At a 2012 security conference in El Paso, Texas, Roel Elkabetz, a brigadier-general for the Israel Defense Forces, bragged to his US counterparts that "We've learned lots from Gaza...it's a great laboratory!"

Eric Holder, Obama's attorney general, went on to actually plagiarize the Israeli lawyers who had first laid out the case for episocic  drone and bomb attacks on Palestinians. One of these Israeli lawyers, as The Intercept reported in 2018, later became a professor of human rights and humanitarian law at Harvard University. Unlike Obama, this particular lawyer acknowledged her own direct role in having gotten the genocide ball rolling all those decades ago.  

Amos Barshad wrote in that article that Eric Holder, lifted verbatim from Israel the extra-legal rationale for what is the most infamous of all Obama's drone killings:

The  memo directly quotes the ILD’s argument in the PCATI (Palestine) case. “Although arrest, investigation and trial ‘might actually be particularly practical under the conditions of belligerent occupation, in which the army controls the area in which the operation takes place,’” the memo reads, “such alternatives ‘are not means which can always be used,’ either because they are impossible or because they involve a great risk to the lives of soldiers.” A U.S. drone killed al-Awlaki in September 2011 in Yemen.

For Obama to now chide his audience to talk to people they don't agree with -because otherwise you are just sloganeering and ignoring nuance - is cynical and hypocritical.  He certainly never conversed with Al-Awlaki, or even with Al-Awlaki's parents when they pleaded in vain for a meeting with him to try to dissuade him from his execution order. He certainly didn't talk to the teenage son of Al-Awlaki before one of his drones r killed the boy and some of his friends as they were innocently eating pizza.

To the extent that Obama has acknowledged his role as lord high executioner of the United States, he glosses over it with the usual "higher ground" rhetoric to excuse all manner of crimes, both his own and those of others in his global social, political and economic cohort.

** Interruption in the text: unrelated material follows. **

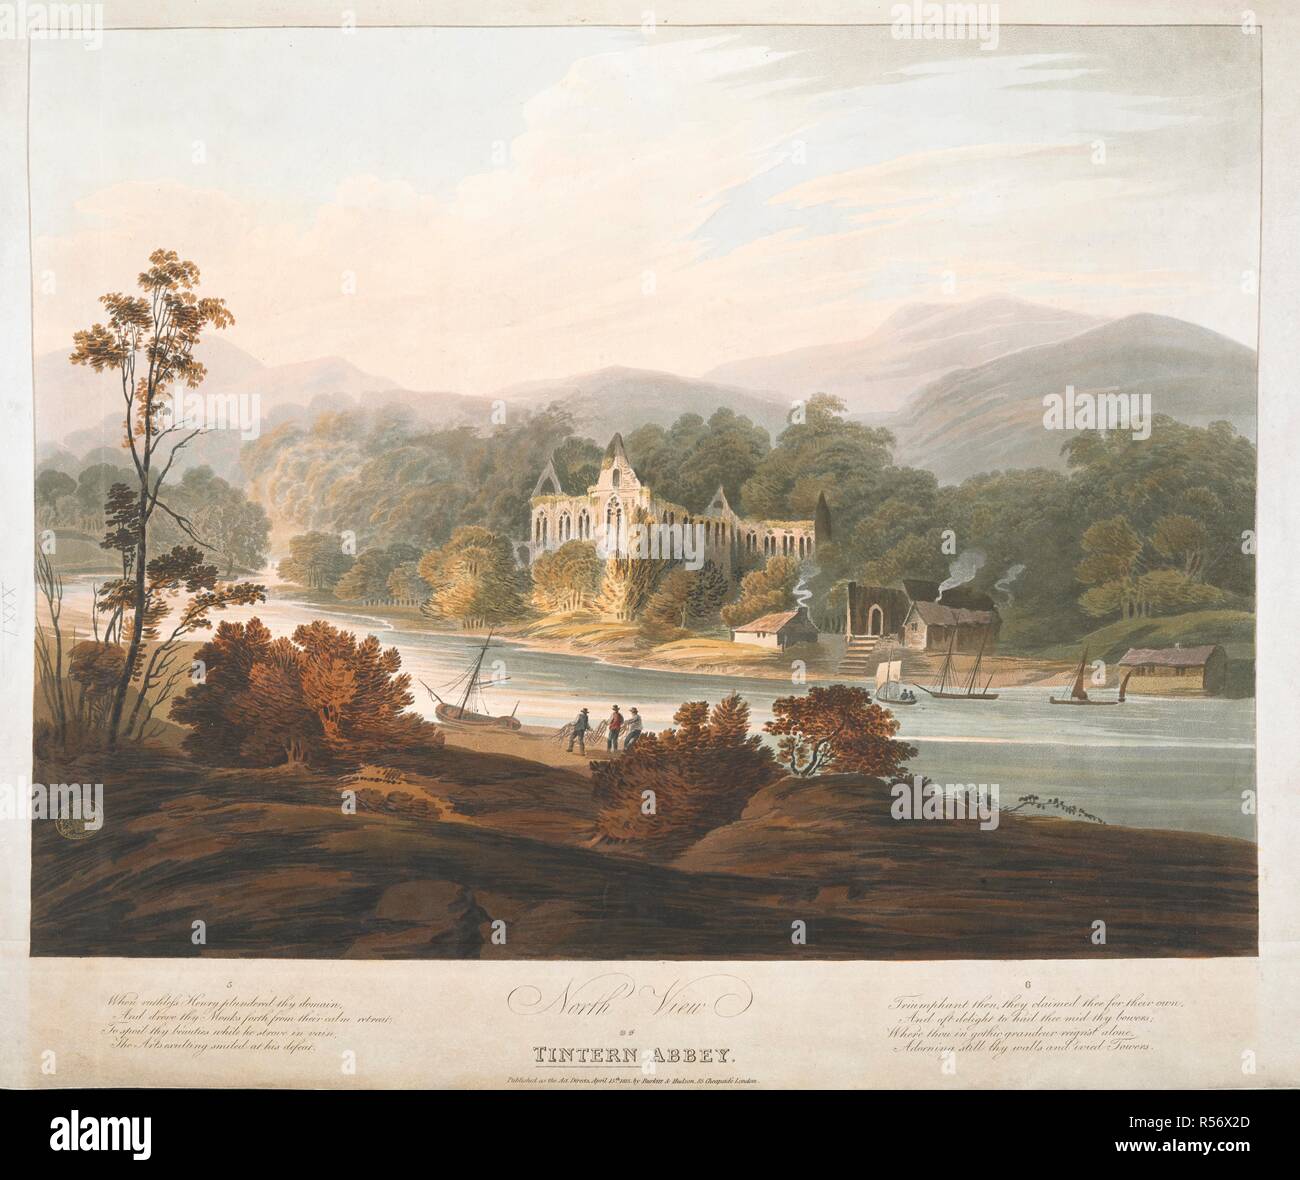 North View of Tintern Abbey. A ruined abbey in the middle ground; a river in front; boats on the water; fishermen on the shore; small houses near the abbey; trees and foliage throughout the scene; mountains in the distance. Two verses of a poem on either side of the title.  . Four Views of Tintern Abbey, by Calbert, 1815. [London] : Published as the Act Directs April 15th 1815 by Burkitt & Hudson, 85 Cheapside, London. 1 print : aquatint and etching with hand-colouring ; sheet 50.5 x 60.7 cm. Source: Maps.K.Top.31.16.k.3. Author: Calvert, Frederick. Stock Photo

Just as he now lectures the world on their alleged "complicity" in war and violence, he's also lectured the thousands of his own drone victims, actually trying to make them responsible for their own deaths. This grotesque passage in his "Promised Land" memoir particularly stands out:

I wanted somehow to save them—send them to school, give them a trade, drain them of the hate that had been filling their heads. And yet the world they were a part of, and the machinery I commanded, more often had me killing them instead."

It's a variation of the old Pontius Pilate excuse. Having disclaimed responsibility for murder, Obama doesn't even feel the need to wash his hands of murder on a much more epic scale. He merely flicks the guilt away at everybody else. 

Maybe Caroline Kennedy can give him another Profile in Courage award. Maybe the Nobel committee can give him another peace prize. Better yet, maybe the Hollywood that he so adores can give him an Oscar for best performance by a political actor iin the horror-fantasy genre. He also probably deserves the Most Valuable Player award in the world series of conflagration. He does, after all, have a very mean curveball. He pitches so fast and so loose that whenever his foul balls hit somebody in the head, they never even see it coming. And that is their own fault. They are complicit just for existing.


2 comments:

Valerie said...

I detest Obama - and Clinton, even more. There is something truly hateful about a hypocrite. As Reagan remains a hero of the Republican Party, Obama is the same for the Democrats. Paul Jay did an amazing series on what Obama did to the economy and his giveaway to the bankers after being given a mandate from ordinary folk to clean up the banking system. Obama's legacy is that he stepped on every innocent person's head as he climbed up the ladder, building his own fortune and "success."

VLT said...

You mean the Caroline Kennedy who is ambassador to Australia who refuses to consider working with the Australian government to free its own citizen, Julian Assange, who is rotting in prison for NO CRIME? Between RFK and Caroline, I am done with THIS generation of Kennedy. The real Kennedys - RFK and JFK would be ashamed of their children.